I will briefly discuss:
-pattern layout and cutting out plaid
-pattern construction and underlining
-styling your garment
I bought this wool from A Thrifty Notion when she posted it on instagram. I think I waited about 5 seconds before deciding to buy it! It was so beautiful and unique and I loved the non-traditional look of this vintage plaid with the aqua lines running throughout. With the fact that it was wool and not super soft, I had to find a lining. I don’t really know the first thing about lining pants and I didn’t have any lining type fabric. I also wanted the lining to be easy to do. I searched through my fabric stash and found some linen that matched the color of the plaid aqua stripes!

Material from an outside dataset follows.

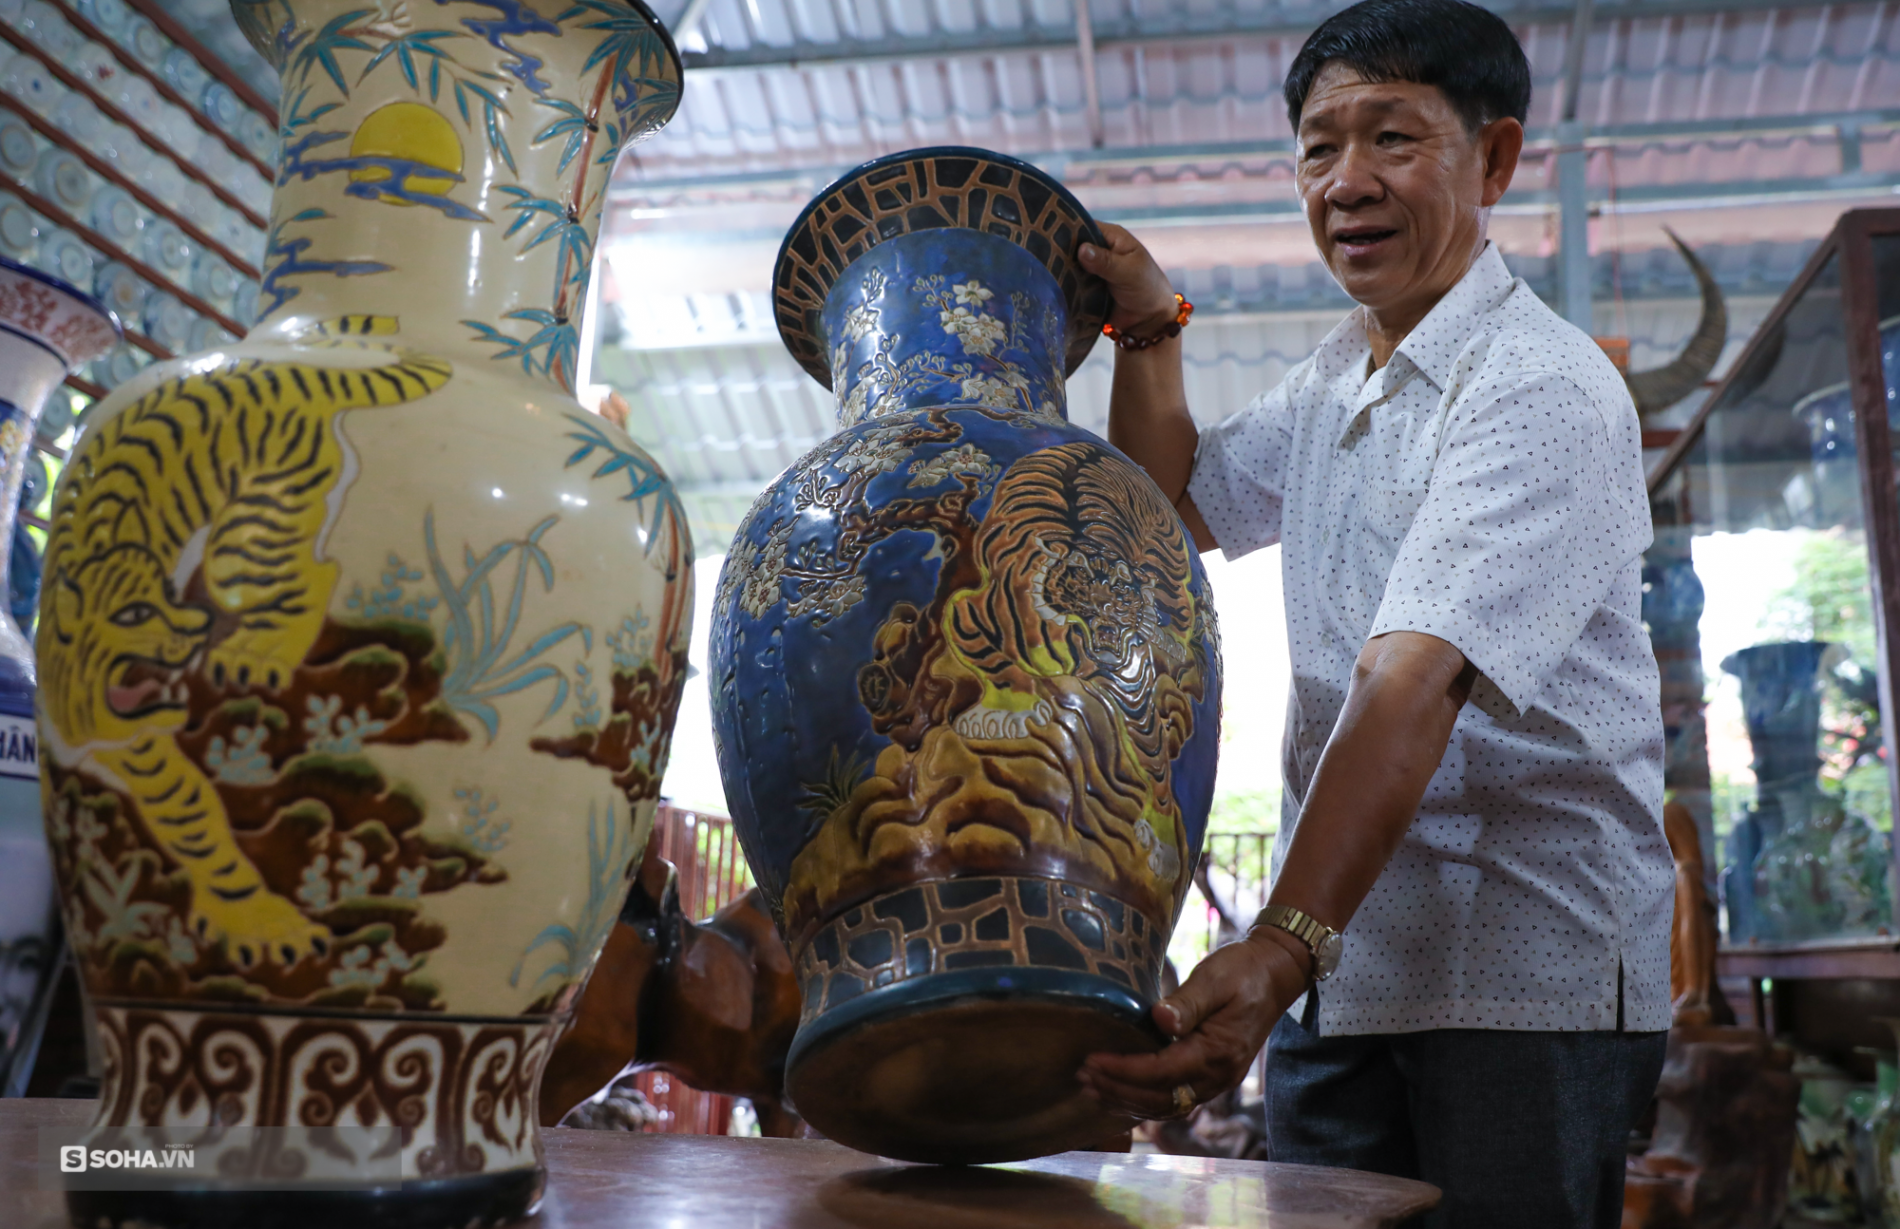 ‘Hoa mắt’ với bộ sưu tập gốm sứ lớn nhất Đông Dương, có món lên tới cả triệu USD - Ảnh 5.

I decided to use “parisian blue” linen from the Sewing Studio.
The linen was such a pretty match, that I decided to use it for the pockets. I used it for two pattern pieces that would show up as a contrasting pocket. I cut out the pocket bags and pocket facings to get my pants to have this contrast. I love the look and it saved me from matching plaid in that area, not that I would even try with diagonal lines!
Because I used wool, I didn’t have to wear any further insulation underneath for 40 degree F weather! So that was great! I also did not have any scratching or itching because of my wonderful linen lining! The linen was great and breathable along with the wool. It was great to use natural fibers only! I only wish I could figure out what to do with the waistband! It was the only thing that was bothering me with wool touching my skin. I can tuck my shirt in and then it wont be a problem!
The pattern layout was fairly easy to follow on the instructions, however I did not follow it because I was worried about the plaid matching! First, I laid all of my pattern pieces out and determined which seamlines were going to be sewn together, There are two side pieces, two back and two front pieces!
I decided to cut one out with a notch on the pants pattern lining up with a strong line in the plaid. I then decided to cut that piece out without much worry, as long as it was lined up with the grain line appropriately! I then moved onto a piece that was going to touch that one. For instance, If I had just cut out the left front piece, I was going to now cut out the left side piece, Then, I would move onto the left back piece! I cut all of these pieces out with the fabric right side up, even though my plaid was on both sides. I also cut them out on a flat lay of fabric, no fold. I remembered that my pattern pieces had a seam allowance of 3/8” and then I kept this in mind when cutting out my pieces. I laid down the piece that was already cut out and lined it up with the plaid and next to a piece that I was about to cut. I folded the pattern back and folded the cut out pattern piece back about 3/8” to approximate where the seamlines would meet up. I then slid the cut pattern piece into the area where it would meet the other seam line 3/8” in. This sounds very confusing but you are basically seeing where you think they might meet and making sure the plaid matches. This is very hard to demonstrate in a picture so I am showing you two pieces that are already cut out with their seam allowances fold back and how the plaid matches. I tried to go in the middle of a square so that it was not as noticeable that there was a seam.
I also numbered all the pieces to be sure all of the time I spent matching seams was worth my while! I wanted those matching seams to be sewn together. I didn't want the left side leg sewn to the right front!
Of note, I cut out the waistband on the bias. I made sure I interfaced the whole thing!! If it is cut on the bias you run the risk of it warping completely out of shape without interfacing!
I cut out all the pattern pieces in the linen and then I serged them together with the wool! I made sure that the wrong sides were together! It was as simple as that. That is just how I decided to line the pants.
If I had to interface any pieces, I interfaced them before sewing them to the underlining. This made sure that the interfacing was actually on the material and not apart from it on the underlining.
It is a little hard to tell fit because the overall garment was thicker with 2 layers, both non-stretch. However, I feel it was pretty close to accurate for me! I would go with their measurements. Remember the waistband is elastic, so you may make it a bit tighter or looser easily, There is a chance to do that in the construction of the pattern.
Styling the Garment:
These pants are just amazing! The colors look great with almost all solids that I have in my wardrobe! They look great with tall boots but would also look great with flats and low cut boots.